Reviewers will be asked to evaluate proposals using two National Science Board approved merit review criteria and, if applicable, additional program specific criteria. A summary rating and accompanying narrative will generally be completed and submitted by each reviewer and/or panel. The Program Officer assigned to manage the proposal's review will consider the advice of reviewers and will formulate a recommendation.

After scientific, technical and programmatic review and consideration of appropriate factors, the NSF Program Officer recommends to the cognizant Division Director whether the proposal should be declined or recommended for award. NSF strives to be able to tell applicants whether their proposals have been declined or recommended for funding within six months. Large or particularly complex proposals or proposals from new awardees may require additional review and processing time. The time interval begins on the deadline or target date, or receipt date, whichever is later. The interval ends when the Division Director acts upon the Program Officer's recommendation.

After programmatic approval has been obtained, the proposals recommended for funding will be forwarded to the Division of Grants and Agreements for review of business, financial, and policy implications. After an administrative review has occurred, Grants and Agreements Officers perform the processing and issuance of a grant or other agreement. Proposers are cautioned that only a Grants and Agreements Officer may make commitments, obligations or awards on behalf of NSF or authorize the expenditure of funds. No commitment on the part of NSF should be inferred from technical or budgetary discussions with a NSF Program Officer. A Principal Investigator or organization that makes financial or personnel commitments in the absence of a grant or cooperative agreement signed by the NSF Grants and Agreements Officer does so at their own risk.

Once an award or declination decision has been made, Principal Investigators are provided feedback about their proposals. In all cases, reviews are treated as confidential documents. Verbatim copies of reviews, excluding the names of the reviewers or any reviewer-identifying information, are sent to the Principal Investigator/Project Director by the Program Officer. In addition, the proposer will receive an explanation of the decision to award or decline funding.
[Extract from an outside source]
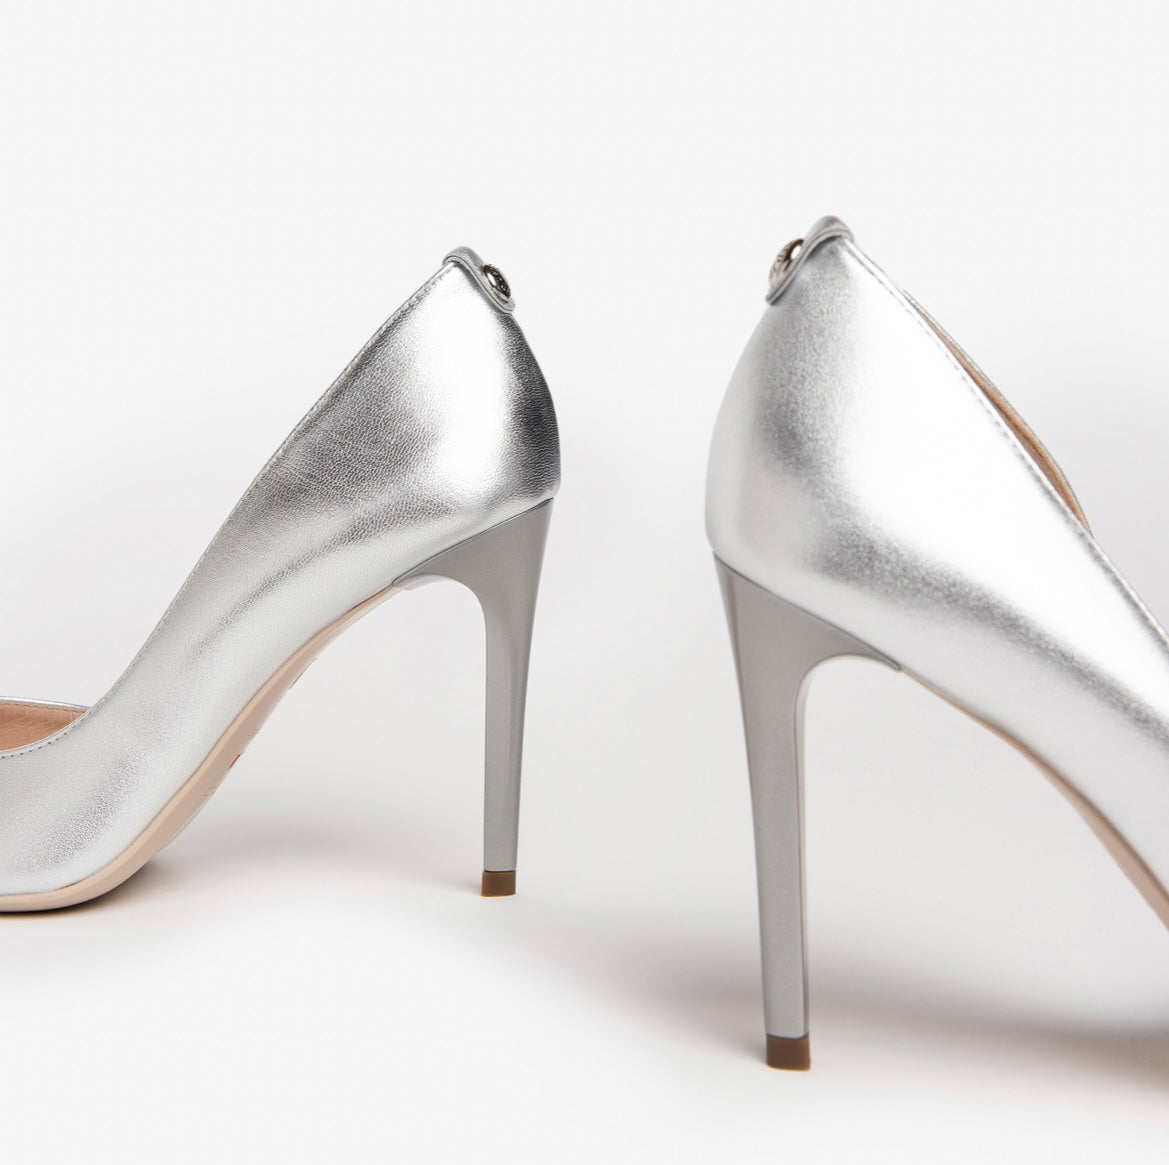 Nerogiardini silver shoes

VII. AWARD ADMINISTRATION INFORMATION

A. Notification of the Award

Notification of the award is made to the submitting organization by a Grants Officer in the Division of Grants and Agreements. Organizations whose proposals are declined will be advised as promptly as possible by the cognizant NSF Program administering the program. Verbatim copies of reviews, not including the identity of the reviewer, will be provided automatically to the Principal Investigator. (See Section VI.B. for additional information on the review process.)

B. Award Conditions

An NSF award consists of: (1) the award notice, which includes any special provisions applicable to the award and any numbered amendments thereto; (2) the budget, which indicates the amounts, by categories of expense, on which NSF has based its support (or otherwise communicates any specific approvals or disapprovals of proposed expenditures); (3) the proposal referenced in the award notice; (4) the applicable award conditions, such as Grant General Conditions (GC-1)*; or Research Terms and Conditions* and (5) any announcement or other NSF issuance that may be incorporated by reference in the award notice. Cooperative agreements also are administered in accordance with NSF Cooperative Agreement Financial and Administrative Terms and Conditions (CA-FATC) and the applicable Programmatic Terms and Conditions. NSF awards are electronically signed by an NSF Grants and Agreements Officer and transmitted electronically to the organization via e-mail.
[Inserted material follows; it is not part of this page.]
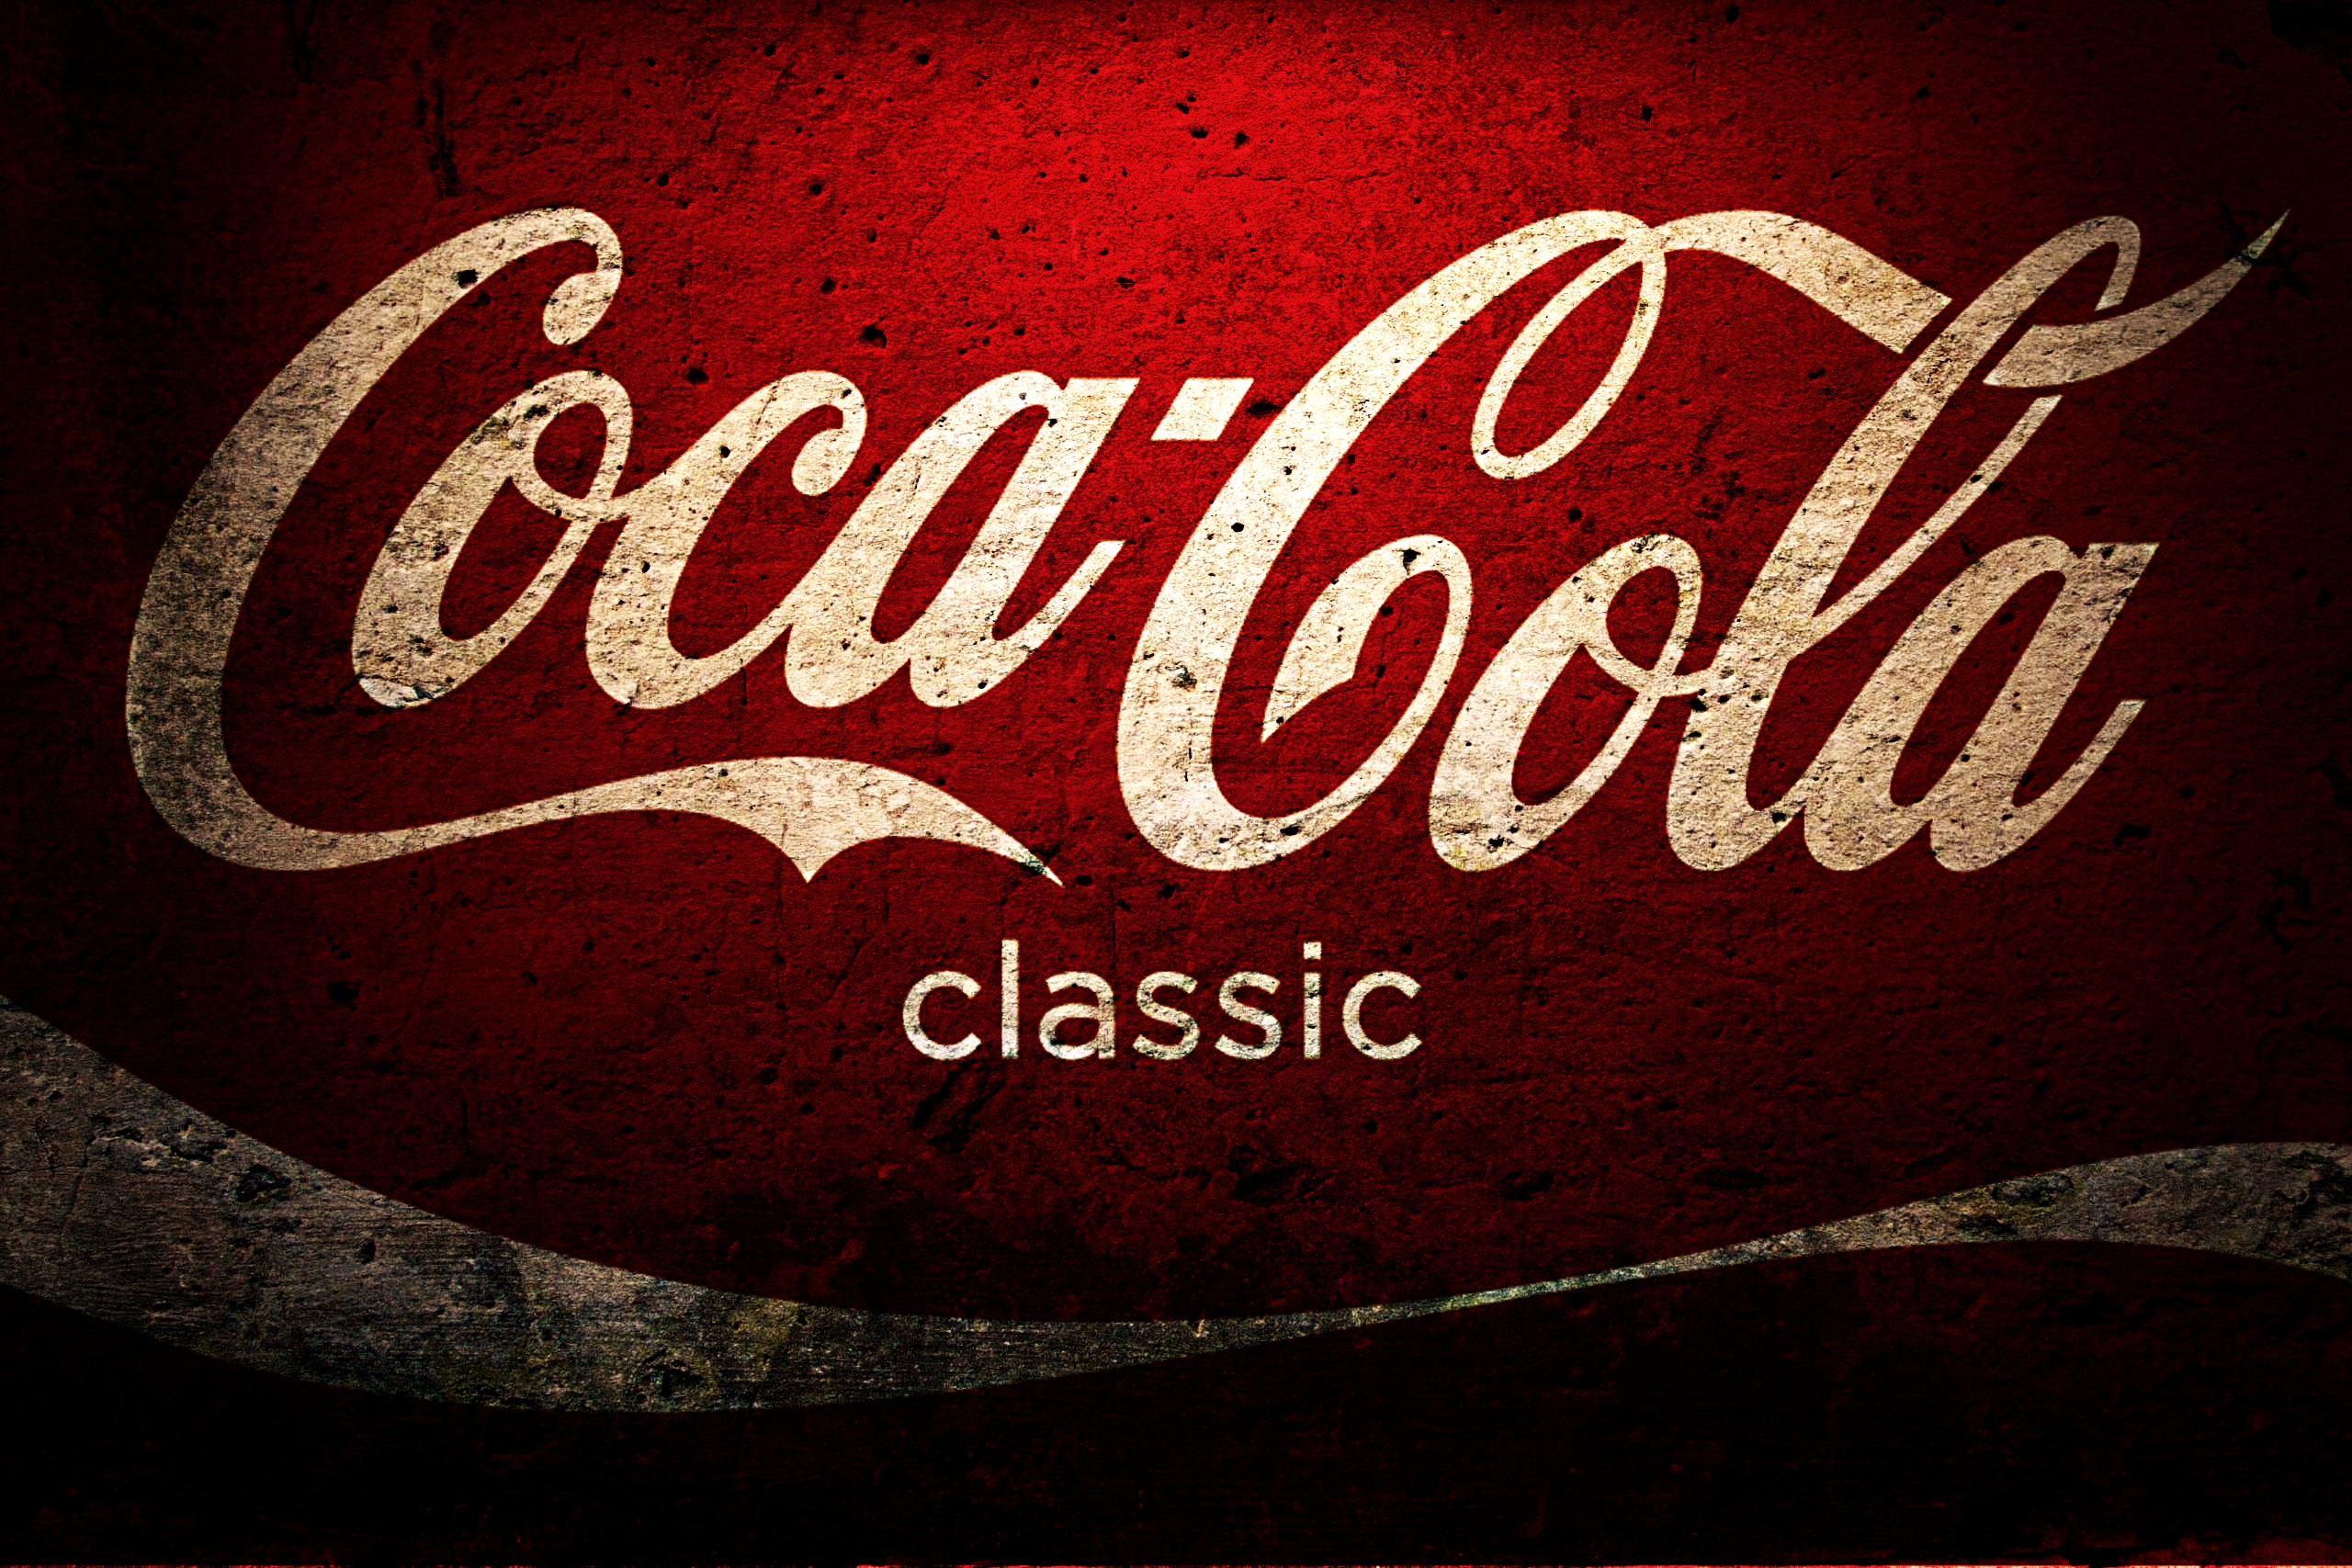 Coca cola wallpaper

*These documents may be accessed electronically on NSF's Website at https://www.nsf.gov/awards/managing/award_conditions.jsp?org=NSF. Paper copies may be obtained from the NSF Publications Clearinghouse, telephone (703) 292-8134 or by e-mail from nsfpubs@nsf.gov.

More comprehensive information on NSF Award Conditions and other important information on the administration of NSF awards is contained in the NSF Proposal & Award Policies & Procedures Guide (PAPPG) Chapter VII, available electronically on the NSF Website at https://www.nsf.gov/publications/pub_summ.jsp?ods_key=pappg.

Special Award Conditions:

Grantees will be required to include appropriate acknowledgment of NSF support in any publication (including World Wide Web pages) for any material based on or developed under the project, in the following terms: "This material is based upon work supported by the National Science Foundation Understanding the Rules of Life Big Idea under Grant No. (Grantee enters NSF grant number.)".

Grantees also will be required to orally acknowledge NSF support using the language specified above during all news media interviews, including popular media such as radio, television and news magazines.

C. Reporting Requirements

For all multi-year grants (including both standard and continuing grants), the Principal Investigator must submit an annual project report to the cognizant Program Officer no later than 90 days prior to the end of the current budget period. (Some programs or awards require submission of more frequent project reports). No later than 120 days following expiration of a grant, the PI also is required to submit a final project report, and a project outcomes report for the general public.

Failure to provide the required annual or final project reports, or the project outcomes report, will delay NSF review and processing of any future funding increments as well as any pending proposals for all identified PIs and co-PIs on a given award. PIs should examine the formats of the required reports in advance to assure availability of required data.

PIs are required to use NSF's electronic project-reporting system, available through Research.gov, for preparation and submission of annual and final project reports. Such reports provide information on accomplishments, project participants (individual and organizational), publications, and other specific products and impacts of the project. Submission of the report via Research.gov constitutes certification by the PI that the contents of the report are accurate and complete. The project outcomes report also must be prepared and submitted using Research.gov. This report serves as a brief summary, prepared specifically for the public, of the nature and outcomes of the project. This report will be posted on the NSF website exactly as it is submitted by the PI.

More comprehensive information on NSF Reporting Requirements and other important information on the administration of NSF awards is contained in the NSF Proposal & Award Policies & Procedures Guide (PAPPG) Chapter VII, available electronically on the NSF Website at https://www.nsf.gov/publications/pub_summ.jsp?ods_key=pappg.

VIII. AGENCY CONTACTS

Please note that the program contact information is current at the time of publishing. See program website for any updates to the points of contact.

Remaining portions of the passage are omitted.